Budgets d'autrefois et d'aujourd'hui
« Budget » d'où vient ce mot de consonance anglaise ? ...Il nous vient d'un vieux vocable français que l'Angleterre,en effet, nous prit jadis et qu'elle nous renvoya après l'avoir déformé. Nos pères appelaient bougette le petit sac de cuir dans laquel ils enfermaient leur argent lorsqu'ils se mettaient en voyage. Nos voisins nous empruntèrent ce mot et en firent budget. Ils appelaient de ce nom le sac contenant les documents que le chancelier de l'Échiquier avait coutume de déposer sur le bureau de la chambre des Communes la suite de son exposé financier. Bientôt,par extension,ils donnèrent le nom de budget à cet exposé lui-même. C'est en 1802 que ce mot apparut pour la première fois dans notre langue, pour désigner la loi concernant les finances,mais on ne commença à l'employer régulièrement qu'à partir de 1814. C'est baron Louis, ministre et secrétaire d'Etat des Finances qui lui fit un sort définitif dans son « Rapport » présenté au Roi sur la situation financière au 1 avril 1814 et sur les budgets des années 1814 et 1815. Mais la chose avait existé longtemps avant le mot. Dés le règne de Philippe-Auguste, on tente en France de mettre un peu d'ordre et de méthode dans la gestion des finances. En 1314, Philippe le Bel prend une ordonnance qui divise en deux parties les recettes et dépenses et y établit une classification ressemblant à ce qu'on appelle de nos jours budget ordinaire et budget extraordinaire.

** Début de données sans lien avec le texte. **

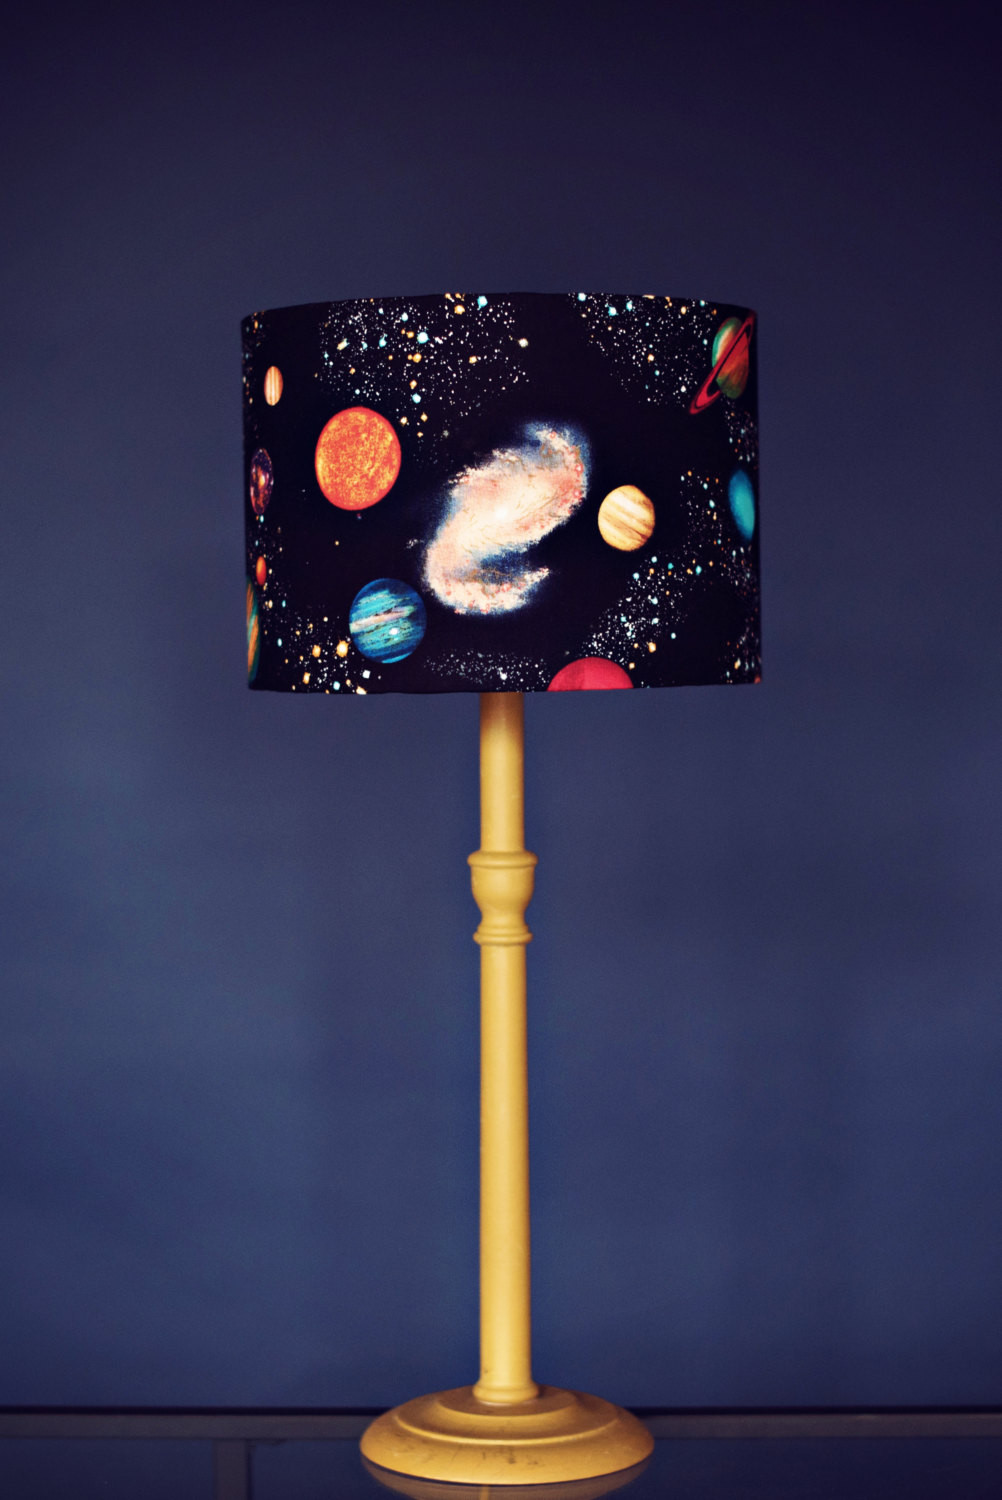 Lamp Shades For Kids Room
 Planet lampshade stars lamp shade space birthday t kids

On s 'y prenait pour établir ces budgets à peu près de la même façon qu'aujourd'hui, c'est à dire qu'on se préoccupait d'abord des dépenses et ensuite des recettes. Chaque année, les administrateurs généraux des finances se réunissaient et faisaient un calcul des dépenses pour l'année suivante. Ils appliquaient pour y pouvoir un impôt général sur toutes les provinces. Si pendant l'année survenait quelque guerre ou quelque occasion de dépenses extraordinaires, on faisait surgir quelque autre impôt. Nos financiers d'aujourd'hui n'agissent pas autrement. Ce n 'est qu'en 1789 que les budget commercèrent à être publiquement discutés au parlement et que le contribuable qui en faisait les frais fut admis à les connaître. Jusqu 'alors il devait se contenter de donner son argent sous forme d'impôts ordinaires, capitalisation, vingtièmes, etc..,sans jamais savoir quel usage on en ferait. Il serait fastidieux de passer en revue tous les budgets de la révolutionn à nos jours. Les dépenses furent relativement modérées pendant tout le XIX siècle.En 1870 elles ne s'élevaient encore qu'à un milliard 790 millions .Mais le XX siècle devais les voir s' enfler démesurément . En 1910 le budget monte à 4 milliards 185 millions. Les dépenses ont en quarante ans, augmenté de 2 milliards 395 millions. Or notez qu'en 1789, le budget n'était que 532.000 livres. En près d'un siècle, de la Révolution à 1870, les dépenses avaient monté infiniment moins que dans les quarante années qui suivirent la guerre franco-allemande. En 1913, nous avons dépassé les cinq milliards. En 1914 la guerre éclate : nous atteignons prés de 15 milliards. Nous arrivons presque à 24 en 1915, presque à 30 en 1916, presque à 38 en 1917 ; en 1918 nous dépassons le 46 milliards ; en 1919,nous sommes à 47 milliards 450 millions. La guerre est finie pourtant, mais il faut en couvrir les frais. Et ce sont les vainqueurs qui les paient, puisqu'on n'a pas pu jusqu'ici - hélas ! - faire payer les vaincus.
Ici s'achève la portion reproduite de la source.